J. Michael Cherry, Stanford University

The Saccharomyces Genome Database (SGD) is a resource for the biomedical research community. The project provides information on the genes, including the genetics, physical interactions, and mutant phenotypes. Results from functional genomic projects: microarray, systematic deletion, SAGE, and 2-hybrid analysis. This talk will provide an overview of the SGD curation process, the types of information available from SGD and the annotation system referred to as the "Gene Ontology".

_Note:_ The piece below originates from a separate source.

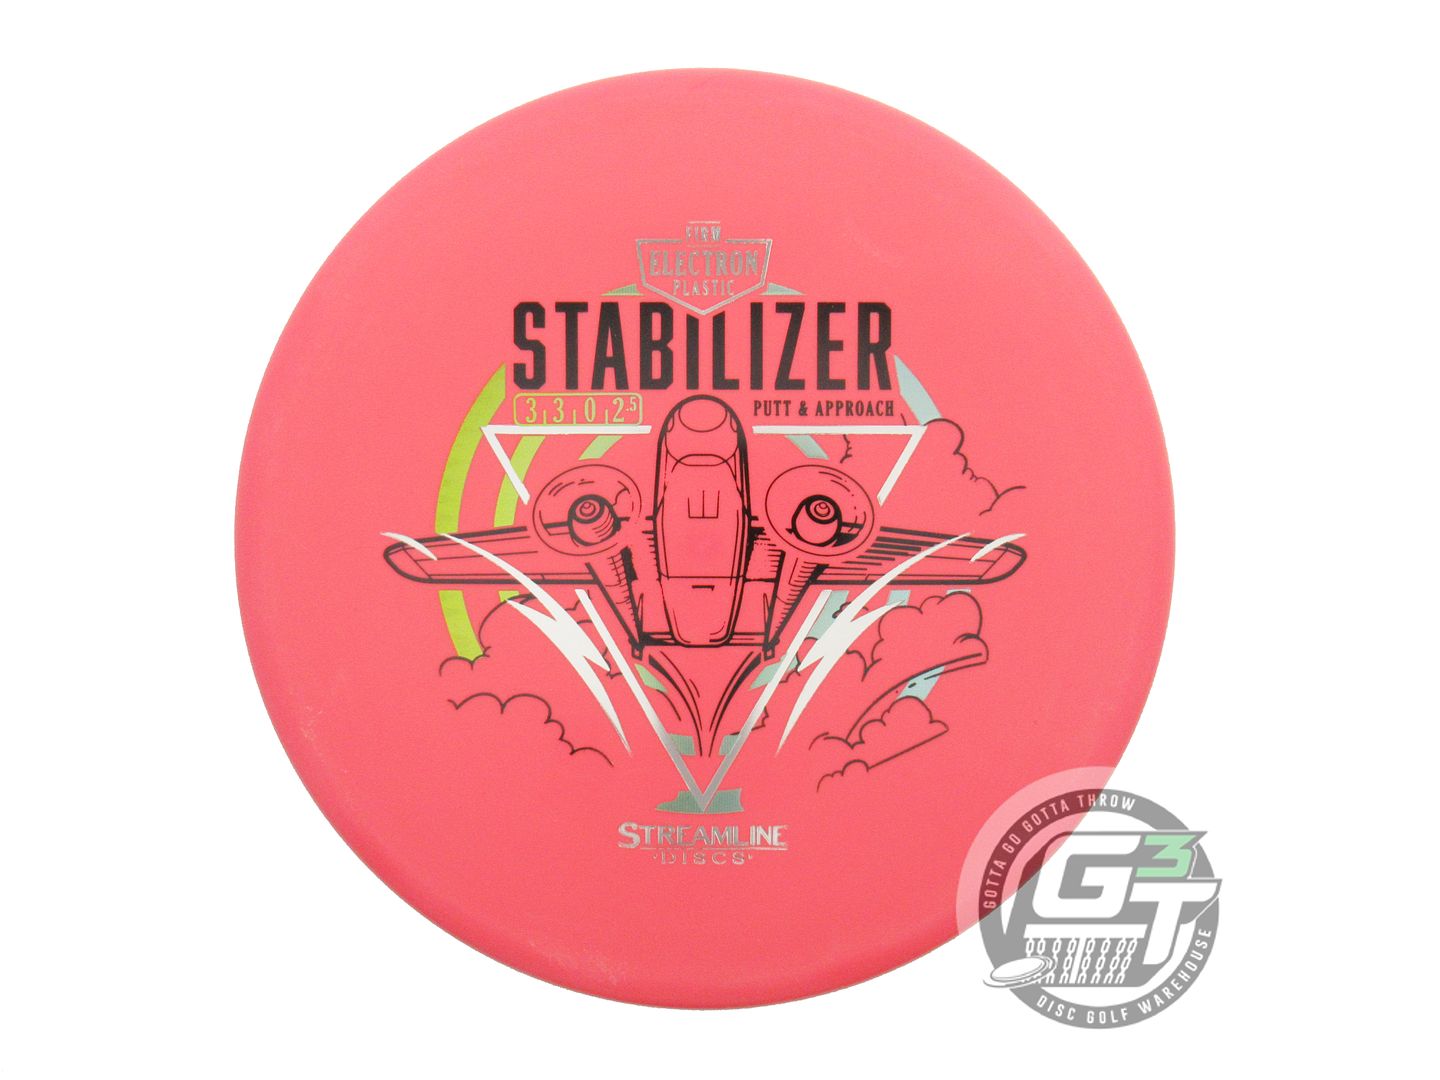 Streamline Electron Firm Stabilizer Putter Golf Disc (Individually Listed)

"The Elucidation of Regulatory Networks in Complex Biological Systems: The Convergence of Biology, Medicine and Computing"
George Poste, Health Technology Networks

The focus of biological research will shift increasingly to the analysis of the regulation of complex biological systems in both health and disease. Elucidation of the information content encoded in genomic and proteomic network, and how these instructions are integrated to specify and control body form and function will present formidable intellectual, technical and logistical challenge. The rise of "systems biology" heralds the dawn of big biology. Just as 'big physics' evolved to accommodate a massive expansion of research data and computer-intensive problems, biology and medicine are poised for the same transition. Systems biology will generate data streams on an unprecedented scale. Academia and healthcare industry organizations are ill prepared for the technical, financial and organizational implications of large scale computing. The union of biology and medicine with computing will occur with accelerating momentum and will be dominated by the following requirements: scale, speed, standards, simulation and security. The rise of computational biology has profound implications for research, clinical practice, education, intellectual property and industrial competitiveness. Universities will need to replace anachronistic curricula and outdated organizational structures based on narrow specialties with new inter-disciplinary units for teaching and research. Government-funding agencies must adopt new policies to adapt to the expanded scale of modern research and its cross-sector linkages between healthcare, computing and telecommunications. In its more advanced iterations, computational biology will usher in a new era of biology in silico in which simulation of complex biological systems will have sufficient predictive accuracy to replace many aspects of costly experimentation and will create new physician-decision support tools to identify the optimum approaches to clinical care to best reflect the genetic and phenotypic characteristic of individual patients.